American geophysicist

Laura Martin Wallace is a geodetic principal scientist who works between the University of Texas at Austin and GNS Science in New Zealand. She was elected Fellow of the Royal Society Te Apārangi in 2018 and of the American Geophysical Union in 2026.

== Early life and education ==
Wallace grew up in Augusta, Georgia. She intended to study English literature at university and had dreamed of becoming a writer. Wallace completed a geology course during her undergraduate degree at the University of North Carolina at Chapel Hill, and switched her focus from literature to earth sciences. She graduated with honours in 1995 before moving to the University of California, Santa Cruz for her graduate studies. She studied the tectonics of Papua New Guinea using geodetic and geophysical data. After completing her doctoral degree, Wallace moved to New Zealand to study the origins of local tectonic activity.

== Research and career ==
Wallace was involved with designing the network of the 150 continuous Global Positioning System (cGPS) reference stations that are located around New Zealand to study local geophysics. She makes use of cGPS to understand the milli-metre scale movement of land. In 2002, she was the first to demonstrate slow slip events at the Hikurangi subduction zone east of Gisborne, New Zealand. The Hikurangi subduction zone is one of New Zealand's most significant geological hazards and can result in earthquakes and tsunamis. The Hikurangi Ocean Bottom Investigation of Tremor and Slow Slip (HOBITSS) project included a network of seafloor instruments that could measure the vertical movement of the seafloor, deployed from the R/V Tangaroa. This instrumentation allowed for high resolution mapping of an area that was previously inaccessible. The slow slip events that occurred in the Hikurangi occurred for about two weeks and can cause up to 20 cm of movement along the New Zealand and Pacific Plates. She has shown that these slip events occur on five year cycles and at depths of up to 50 km – though some are shallow enough to permit sample collection and analysis. Wallace showed that slow-slip events can cause the shallower parts of a fault – the parts that are involved with earthquakes and tsunamis – can rupture.

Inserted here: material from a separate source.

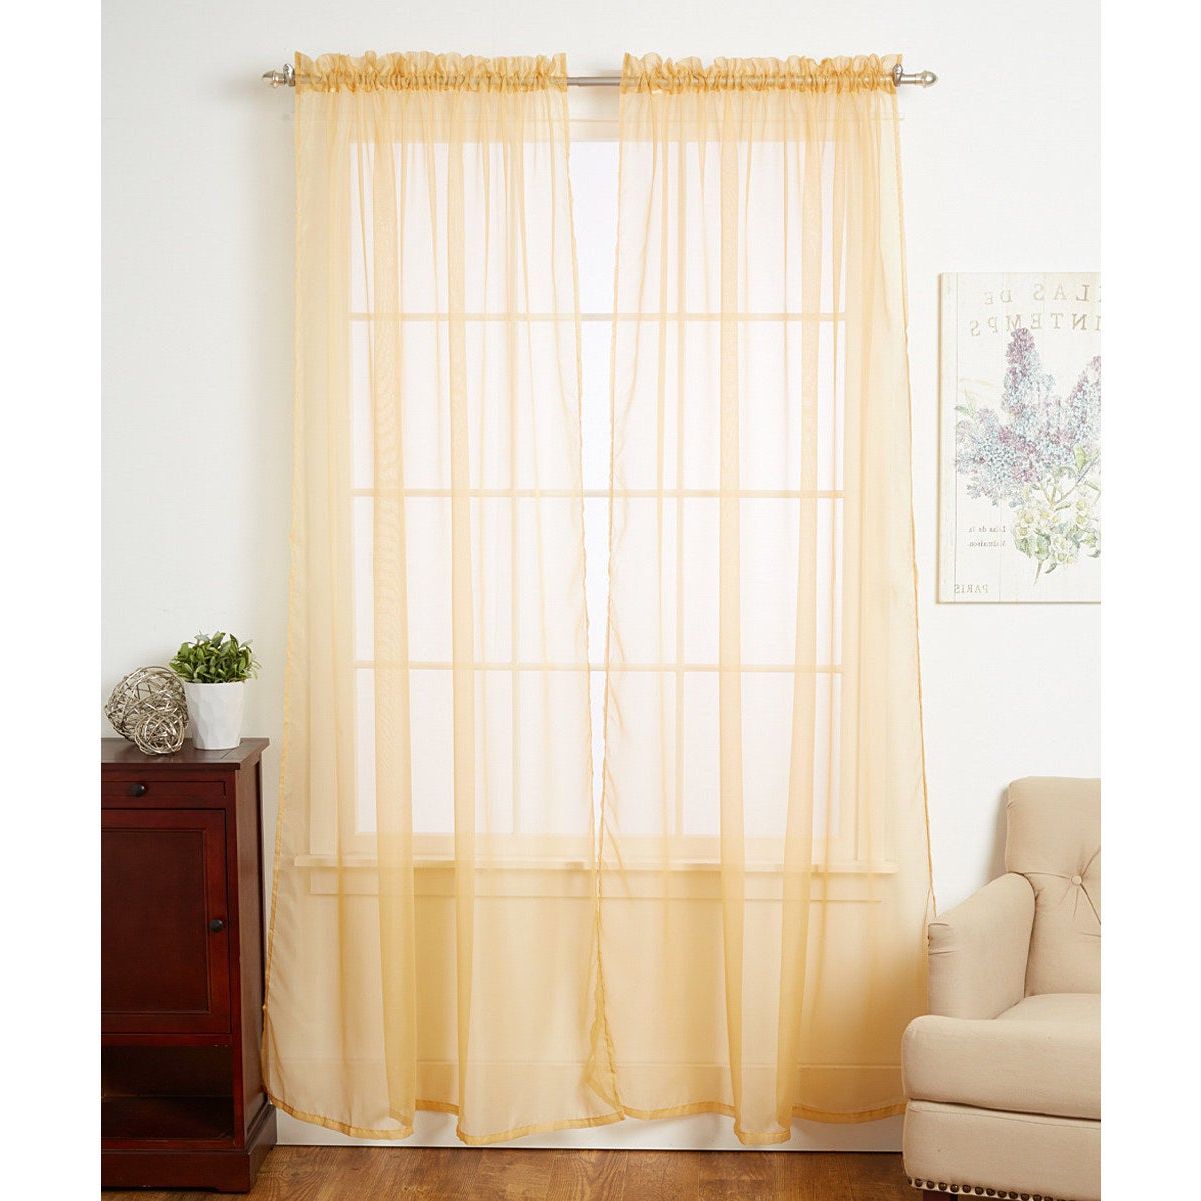 Recent Pairs To Go Victoria Voile Curtain Panel Pairs With Linda Sheer Voile 4 Pack Window Curtain Panel Pairs – 55 X  (View 18 of 20)

In 2018 Wallace led the installation of sub-seafloor observatories off the coast of Gisborne, New Zealand. One of the observatories, Te Matakite, was the first observatory in New Zealand that was located at a subduction plate boundary and can provide information that cannot be seen by the human eye. She has worked with the Australian and New Zealand Integrated Ocean Drilling Program (IODP) Consortium to build the observatories. The instruments and components for the observatories were deployed from the Hawke's Bay coast in 2018. In 2020 it was announced that five of the thirty instruments worth $30,000 could not be located.

Wallace was elected to the Royal Society Te Apārangi in 2018. She is a member of the East Coast Lab, a collective of scientists who look to understand and communicate risks associated with natural hazards. In 2018 Wallace was awarded the Geoscience Society of New Zealand McKay Hammer award, which recognised the ‘most meritorious contribution to geology’. She was elected a Fellow of the American Geophysical Union in 2026.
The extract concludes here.